Abstract 3379
Background
PC is an aggressive malignancy and the 4th cause of all cancer deaths worldwide. More than 30% of patients with PC are unresectable because of the local extension with a median overall survival (OS) of less than one year. The standard of care remains gemcitabine (gem) alone. 5FU, irinotecan, oxaliplatin (Folfirinox) is superior to gemcitabine in the treatment of metastatic PC, in terms of OS and progression-free survival (PFS).
Trial design
This phase 3, multicenter randomised study (NCT02539537) was designed to evaluate the efficacy of FOLFIRINOX versus gem in the treatment of locally advanced PC (LAPC).

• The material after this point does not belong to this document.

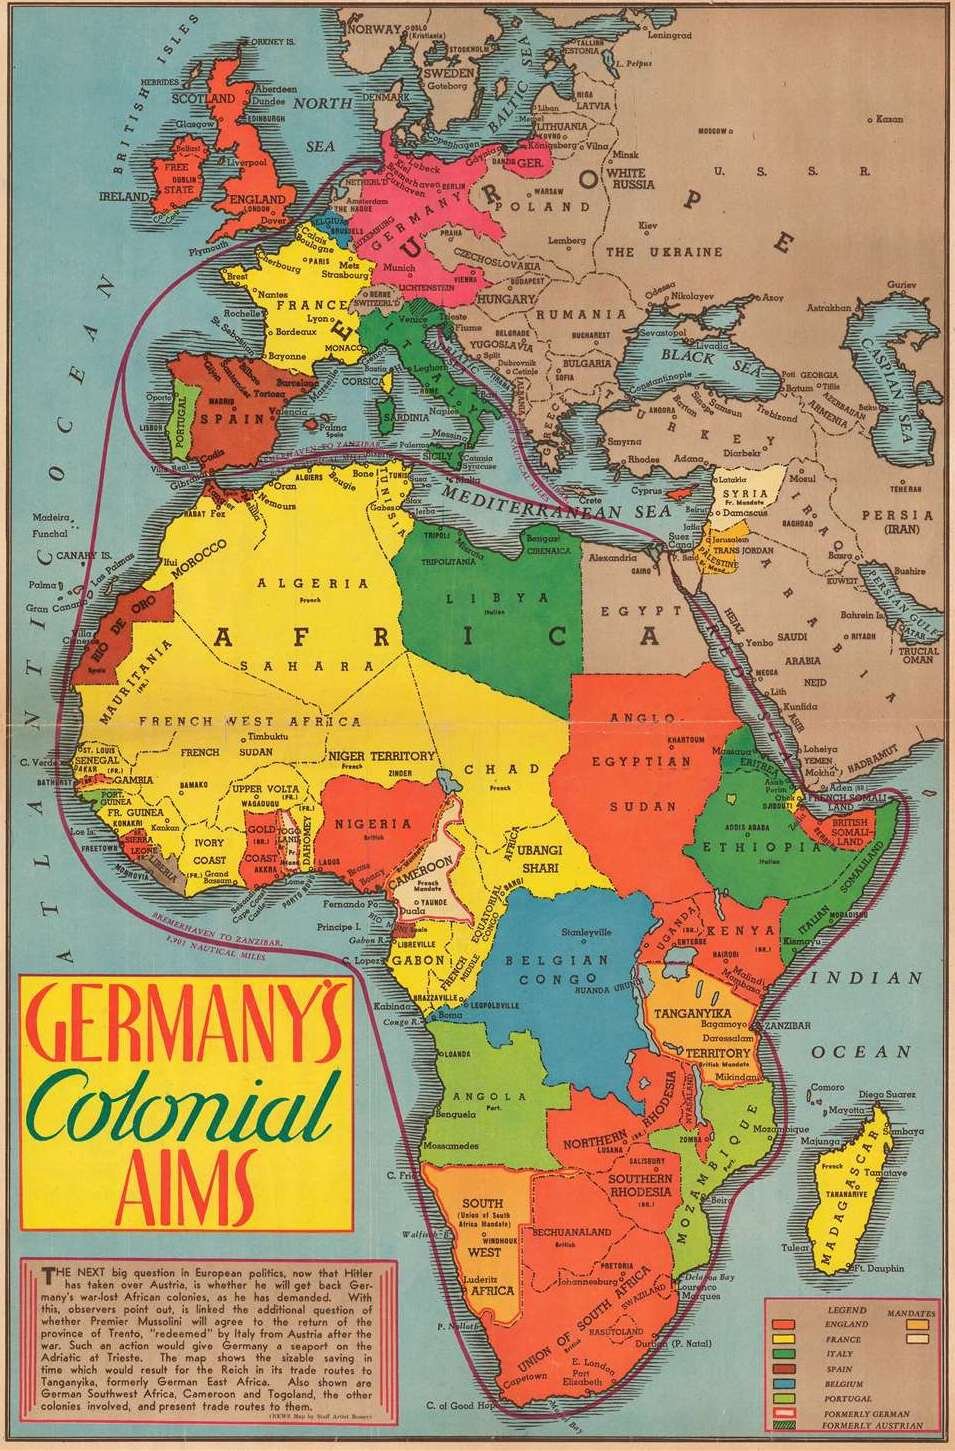 Examining Nazi plans for dividing and 'improving' Africa during World War II

This study enrols patients > 18 year of age, with cytologically or pathologically proven adenocarcinoma of the pancreas, who had a LAPC proven to be unresectable after multidisciplinary discussion, a performance status ECOG < 2, normal hematologic, hepatic, and renal functions, adequate other vital functions; the tumour has to be measurable (RECIST criteria) and the patient has to give his informed consent. The primary endpoint of this study is PFS; secondary endpoints include a composite index for induction treatment severe toxicity: biliary tract infection Grade3-4 + any grade 5 toxicities + induction chemotherapy interruption for toxicity, OS, time to treatment failure, quality of life, percentage of surgery with curative intent. Treatment regimens is: Arm A: gem 1000 mg/m² 30-minute infusion, weekly for 7 weeks followed by one week rest and then weekly for 3 weeks followed by one week. Arm B: leucovorin 400 mg/m² D1, irinotecan 180 mg / m² D1, Oxaliplatin 85 mg / m² D1, 5 Fluorouracil 2400 mg/m² IV continuous infusion over 46 h (no bolus of 5FU), treatment repeated every two weeks for 4 months (12 cycles). Duration of treatment: 6 months in both arms. After this 6-month period, each center has to choose for its patients between 3 strategies: stop of treatment, maintenance chemotherapy with gem or capecitabine and radio-chemotherapy. At this time 74 among the 170 planned patients have been enrolled. The first IDMC meeting has recommended continuing the study without any change.
Clinical trial identification
EudraCT: 2014-003510-82.
Legal entity responsible for the study
UNICANCER.
Funding
French Program for Cancer Clinical research (PHRC).
Editorial Acknowledgement
Disclosure
M.P. Ducreux: Wife employee: Sandoz. P. Follana: Advisory board, board of directors, consultant board: AstraZeneca, Novartis, Tesaro. O. Bouche: Stock owner: Amgen, Bayer, Merck, Roche; Employment: Lilly, Pierre Fabre, Novartis. All other authors have declared no conflicts of interest.